Kontarsky takes the Hawthorne movement extremely fast, but he gives his right hand prominence when it’s a melody-bearing line. I got lost after Raineri’s first page, up until the E sharp and E natural cross-hands points in the narrative (such as it is). The executant made telling use of his 37 cm wood panel, the famous cluster-chords controlled and subservient to the left-hand melodic material. Later, at the repeated four bars interlude, I’d never heard before what the left hand was doing; not much, admittedly, but interestingly at organized cross-purposes with the upper staff’s content – something I wouldn’t have come across except for Raineri’s measured pace.
Raineri made fine use of the room that Ives leaves for diatonic relief at his G Major and F sharp Major soft harmonizations-extensions of the Beethoven motif. Yet the fast march time that Ives asks for six bars further on struck me as too restrained, over-cautious for its bouncy drive; still, by the time we reached that marvellously manic passage packed with five-note clusters, eventually in both hands, Raineri gave us a most persuasive entry into Ives’ most vehement dynamic landscape. Certainly, the prospect sounded rather thick as the march rhythm enjoyed a thorough exercise, but the last five-and-a-bit pages, starting at the From here on, as fast as possible direction, came over as very hard work. It’s not as though Raineri got all the notes, although I only picked up on exposed high pitches for most of the time, but much of this movement’s ‘developments’ are a trial to penetrate, let alone to articulate; the final flourish, following a faintly discordant echo of the hymn, fell into place most happily.
Not much to report about The Alcotts, even if the pace was very deliberate; even the faster exhortation after the A flat Major key signature is negated could have been accelerated without much exertion.
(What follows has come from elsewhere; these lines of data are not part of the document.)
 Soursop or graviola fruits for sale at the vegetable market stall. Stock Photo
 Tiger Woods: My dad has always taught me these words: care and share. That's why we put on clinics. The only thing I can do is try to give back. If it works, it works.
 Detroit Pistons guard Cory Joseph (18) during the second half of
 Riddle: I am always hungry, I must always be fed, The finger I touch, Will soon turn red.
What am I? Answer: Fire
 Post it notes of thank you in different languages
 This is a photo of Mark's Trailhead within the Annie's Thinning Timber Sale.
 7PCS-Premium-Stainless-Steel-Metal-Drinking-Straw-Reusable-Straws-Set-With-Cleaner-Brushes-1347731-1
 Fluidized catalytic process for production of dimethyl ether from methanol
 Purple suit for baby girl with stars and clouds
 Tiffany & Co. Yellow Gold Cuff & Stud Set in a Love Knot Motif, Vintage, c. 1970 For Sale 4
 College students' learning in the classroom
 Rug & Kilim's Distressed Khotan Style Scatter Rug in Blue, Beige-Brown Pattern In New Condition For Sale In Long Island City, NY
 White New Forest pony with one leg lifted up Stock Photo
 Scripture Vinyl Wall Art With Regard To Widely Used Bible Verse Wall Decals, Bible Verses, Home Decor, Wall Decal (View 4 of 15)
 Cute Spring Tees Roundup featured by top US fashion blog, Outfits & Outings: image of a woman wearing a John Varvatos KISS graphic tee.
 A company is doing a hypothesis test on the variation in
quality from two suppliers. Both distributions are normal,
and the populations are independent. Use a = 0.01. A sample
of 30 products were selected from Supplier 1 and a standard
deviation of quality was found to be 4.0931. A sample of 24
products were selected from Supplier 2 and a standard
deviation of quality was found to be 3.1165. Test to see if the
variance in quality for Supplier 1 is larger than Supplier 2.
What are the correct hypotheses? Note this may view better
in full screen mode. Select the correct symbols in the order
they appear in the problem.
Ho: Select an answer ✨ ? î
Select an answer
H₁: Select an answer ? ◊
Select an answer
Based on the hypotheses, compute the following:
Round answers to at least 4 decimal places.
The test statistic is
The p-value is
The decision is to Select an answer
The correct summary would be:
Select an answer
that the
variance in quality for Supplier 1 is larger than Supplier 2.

Then again, Raineri invested a fine sentiment into the Stephen Foster melody that arrives with the E flat Major key signature in the movement’s second half. Of course, if you give this executant a triple forte demand, he will exercise a gratifying level of power-in-attack, as shown in the blazing C Major treatment of the movement’s main Beethoven Fifth variant right at the movement’s conclusion.
Of all the sonata’s parts, Thoreau impresses me as an indubitable success, mainly because of its husbandry; the composer keeps his aim focused on the final quiet peroration without straying into ragtime or diatonic harmony or the aggressive panoply employed in the first two movements. The lengthy flute appearance is a sign that the transcendent conclusion is near, and Raineri projected the intransigence of that underpinning, slow A-C-G bass motto with impressive calm. Certainly, these pages aren’t all impressionistic dreaminess or concerned with the upper planes; you can find textural complexity allied to dynamic power throughout, but the lyrical moments take on greater importance and Ives’ use of right-hand echoes leavens the urgent bravura of those technically challenging segments.
Once more, we have to thank Raineri as performer and festival director. I don’t know how he manages to attract the talent that can be seen during these recitals, nor how he contrives to keep the festival’s head above water, particularly when only a score of us turned up for this (to my mind) major event. No, he doesn’t do it all on his own, but his contribution to so many programs across this fortnight ranks as extraordinarily generous by any measurement standard. Perhaps I just happened to pick a program that failed to interest others; well, they missed a singular, engrossing achievement.